Adotado o relatório da decisão de primeiro grau, acrescentese tratar de pedido de providências formulado contra indeferimento de averbação de contrato de locação em registro imobiliário. O pedido foi julgado improcedente. Não houve condenação nos ônus da sucumbência ou fixação de honorários advocatícios de sucumbência.

A autora interpôs recurso de apelação, arguindo que a simples utilização do termo “solidariedade” na redação das cláusulas 25ª e 35ª do Contrato de Locação não caracteriza a existência da fiança e não se pode concluir pela existência da dupla garantia. Sustenta que a garantia prestada não se confunde com garantia fidejussória que não se presume. Argumenta que embora declarada a solidariedade dos caucionantes, prevalece a caução, vez que foi a garantia constituída contratualmente, ficando evidente que a solidariedade ocorra apenas até o limite do valor do bem caucionado.
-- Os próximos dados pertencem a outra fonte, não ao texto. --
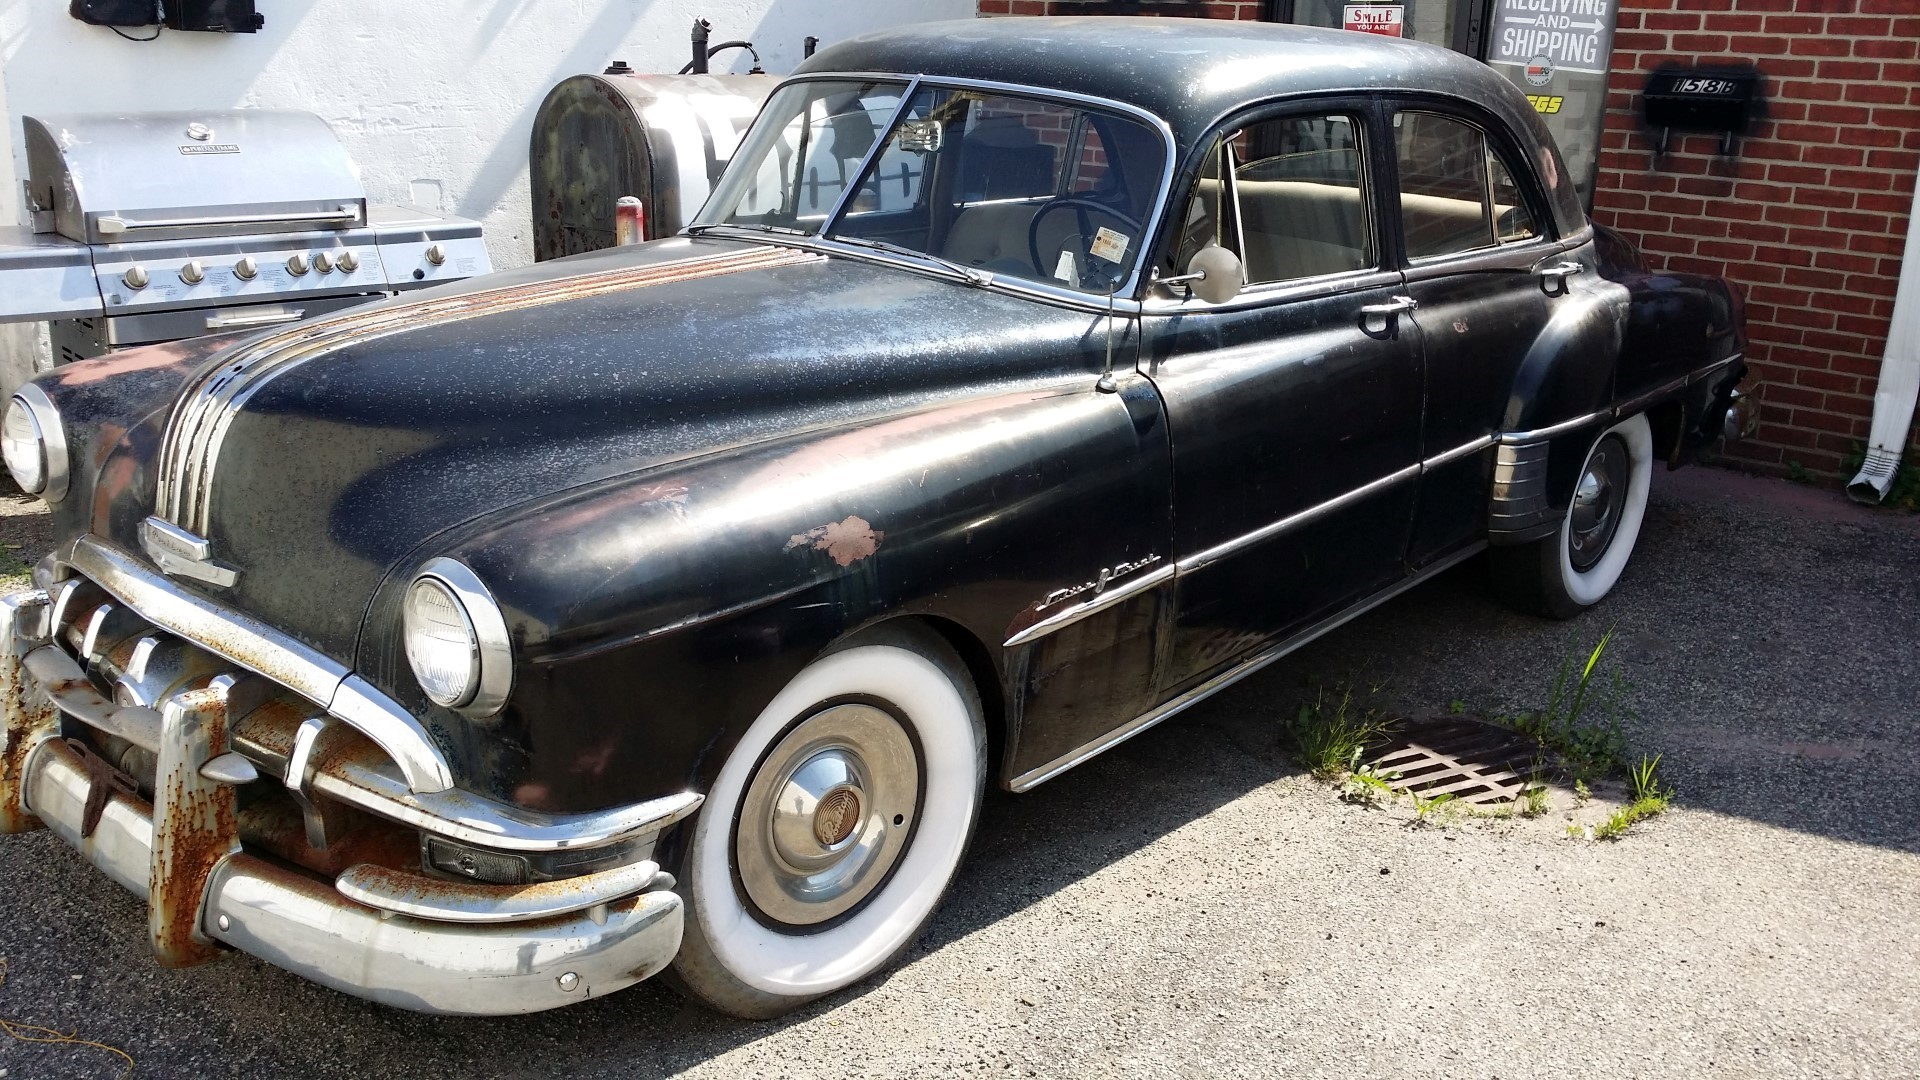 1950 Pontiac Chieftain Eight Deluxe Sedan (42)
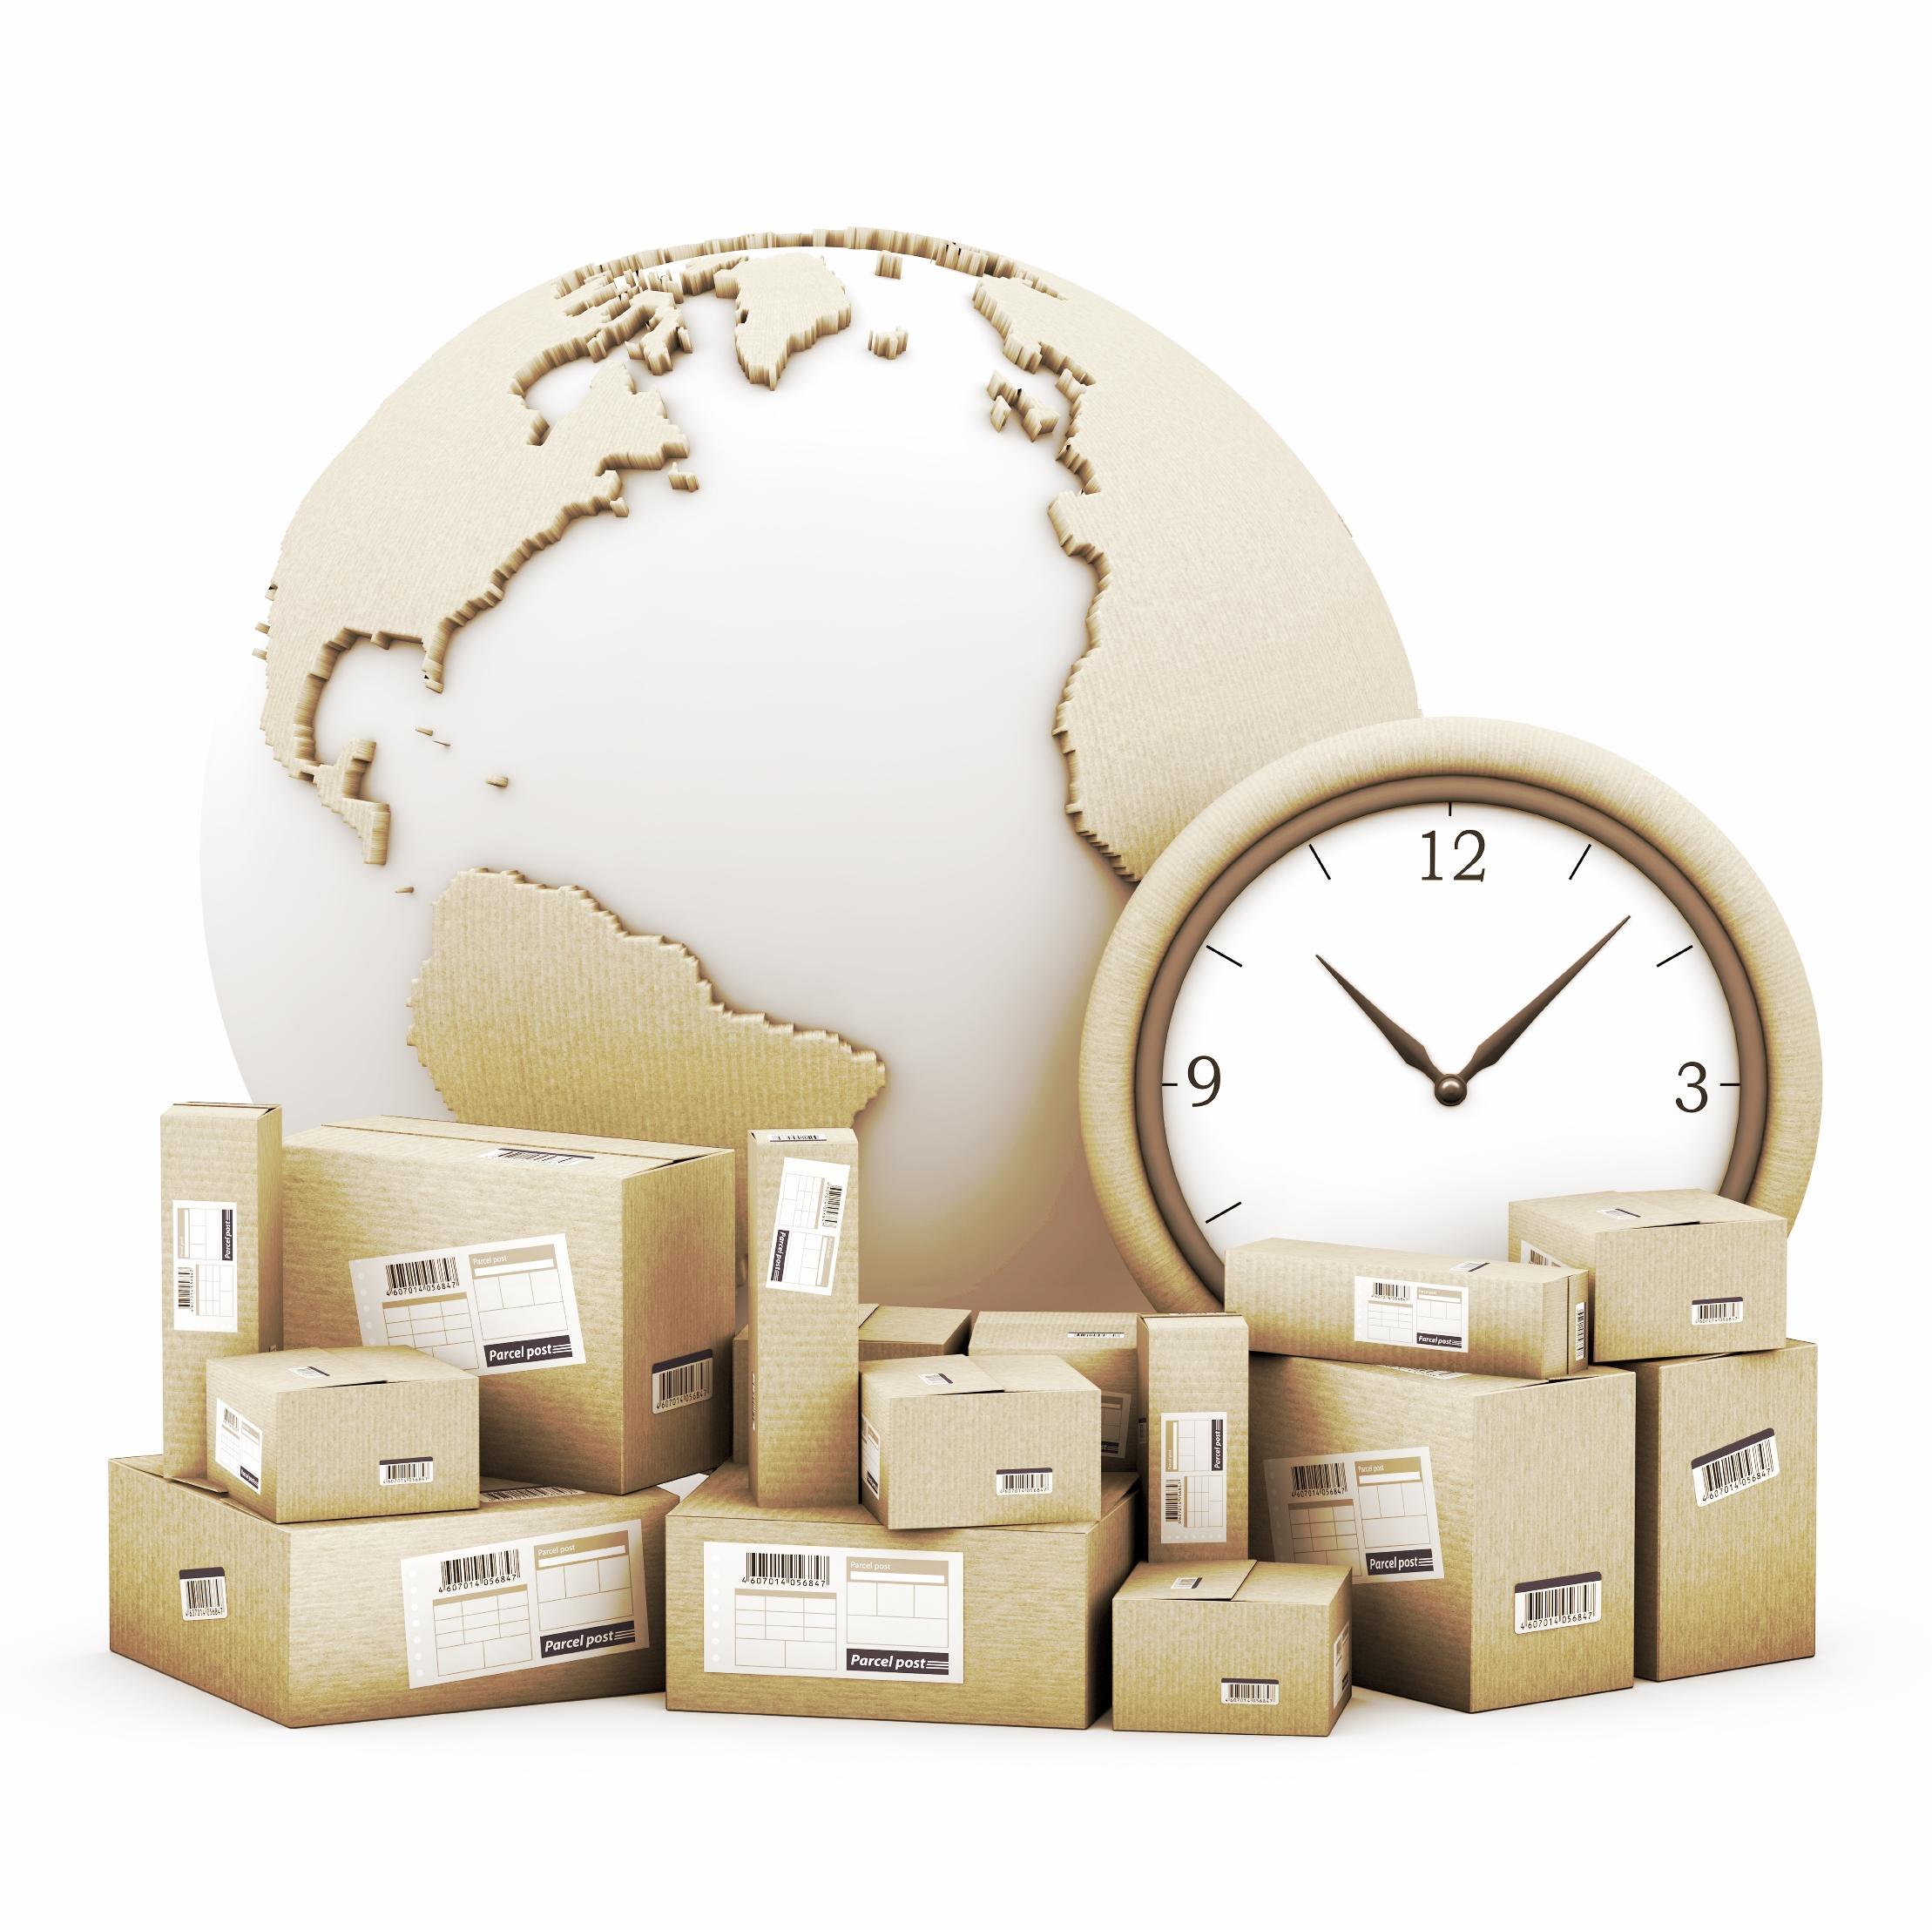 stock-photo-22095358-world-shipments.jpg

Requer a reforma da r. sentença.

O recurso foi devidamente processado, sem apresentação de contrarrazões e parecer da Douta Procuradoria Geral de Justiça pelo não provimento do recurso.

É o relatório do essencial.

APLICAÇÃO DA LEI PROCESSUAL NO TEMPO

Inicialmente, anote-se que o julgamento é feito com base nas disposições do Código de Processo Civil de 2015 e não aquelas referentes ao CPC/1973tendo em vista que foi em sua vigência que a decisão foi proferida e o recurso foi interposto. Aplica-se o princípio “tempus regit actum”, corolário do sistema de isolamento dos atos processuais.

FATOS

A autora afirma que enviou ao Cartório, por meio da sua administradora, para averbação, o Contrato de Locação em questão. No entanto, o Oficial do Registro Imobiliário devolveu o contrato sem a devida averbação, com a anotação de que o mesmo deveria ser retificado para constar somente uma modalidade de garantia.

Diante destes fatos e argumentando que o contrato apresentado para averbação possui os requisitos formais ingressou com a presente ação a qual foi julgada improcedente, ensejando a interposição do recurso de apelação.

O recurso, de início, foi remetido para 30ª Câmara de Direito Privado desta C. Corte, porém não foi conhecido, sendo determinada sua redistribuição para uma das R. Câmaras da Subseção de Direito Privado I deste Tribunal (fls. 135/138).

MÉRITO

No caso a averbação do contrato de locação não foi realizada pelos motivos elencados na nota de devolução do Primeiro Oficial de Registro de Imóveis da Comarca de Guarulhos (fls. 18/21) pelas seguintes razões:

“I QUANTO À MODALIDADE DE GARANTIA:

Retificar o título para que dele conste apenas uma modalidade de garantia (CAUÇÃO), tendo em vista que a cláusula 25ª e o §1º da cláusula 35ª evidenciam a mistura de duas formas de garantia, vez que consigam:

Cláusula 25ª As obrigações assumidas neste contrato são indivisíveis e as partes, Locatário (s) e Caucionante (s), são solidárias entre si. (grifo nosso).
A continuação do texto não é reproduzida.